Unafraid to Fall

At what age does fear kick in? Have you ever seen a toddler or elementary school kid playing? I remember when I was in elementary, and would climb to the top of the jungle gym, do flips, use my legs to hang upside down, and swing from bar to bar (skipping some), with no fear whatsoever. 

Then at some point, doubt and fear kicked it. I rationalized it by calling it “reason”. Thoughts like “this is actually dangerous”, and “I could get hurt” started to flood my mind, and quench the free & lively spirit that once thrived in me. My free spirit now turns into “I’m just being careful.” Careful of what? To live? Careful to not get hurt? 

Pain is inevitable, but I’ve realized that the more I try to avoid pain, the more I notice it all around me. BUT! When I think about it, I selectively choose the type of pain I’m willing to experience. Even though I have horrible scars on my left knee, shoulder, and head from a fall I took while running, the pain didn’t keep me from running again. The scar on my right knee during a fall while playing basketball didn’t stop me from picking up a basketball again. Cutting my thumb with a knife while cooking didn’t stop me from using a knife again. The excruciating pain of child birth rarely stops a mother from having a 2nd, 3rd, or 6th child. 

And yes, I am fully aware that emotional pains are much harder to heal than physical pains. But what if we took the same approach to emotional hurts like we did for physical hurts?

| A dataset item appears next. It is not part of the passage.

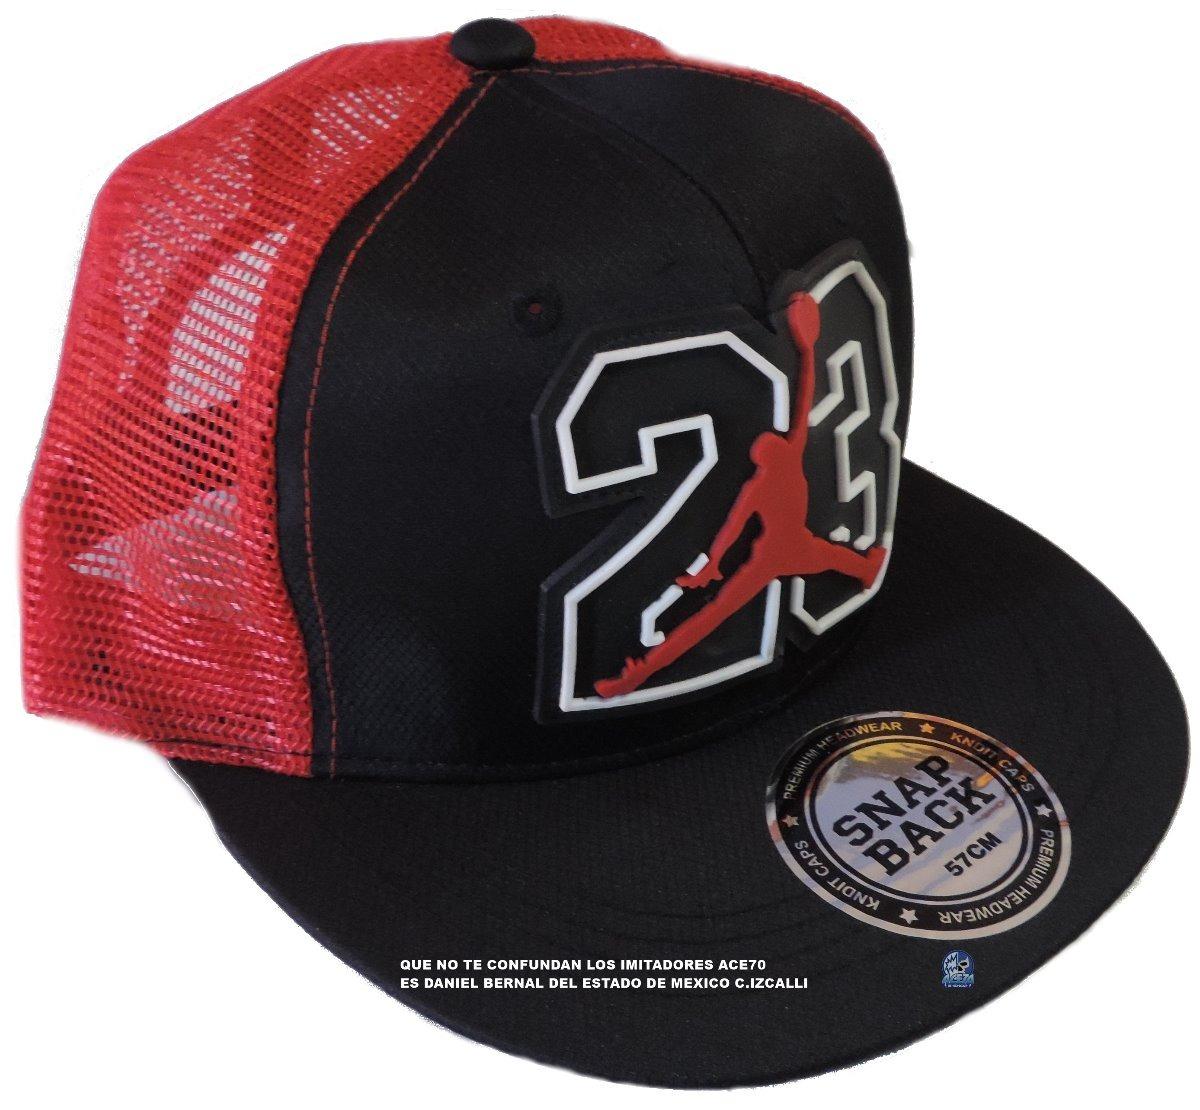 6ae234b453fc8 Chicago Bulls Gorra 23 Jordan Envio Gratis Nba1 Ace70 -   200.00 en ...

Many times we don’t realize how wounded we are until we begin, and fully engage in the healing process. If you break your ankle, you don’t just drag your leg around in the hopes that it will heal with time. You go to the doctor, so you can receive the proper care & support your ankle needs to be made strong again. It’s also like getting rid of a knot in your muscle. A whole lot of pressure & heat needs to be applied to eventually bring the healing, but many of us never finish this process because the initial steps feel more painful than the actual knot itself. So we choose to continue walking around wounded because it’s “safer”, it’s become a part of us, and it’s become easier than applying the pressure to be made well. If a broken bone or knotted muscle cannot properly heal on their own, why do we assume emotional hurts will be different?

So now what? Pray! Tell God the whole truth of what you are feeling. God wants the real you, not the “proper” you. Cast all your cares on Him, because He cares for you. He wants to bind up your wounds and carry you. Also, working with a trusted counselor, and having a support group/friends, all do wonders to make a heart strong again… if you are willing. 

If you want your burdens lightened , you must take the necessary steps & time to heal. Only then can we jump right back to swinging on the jungle gym… free spirited, joy filled, and not afraid to fall.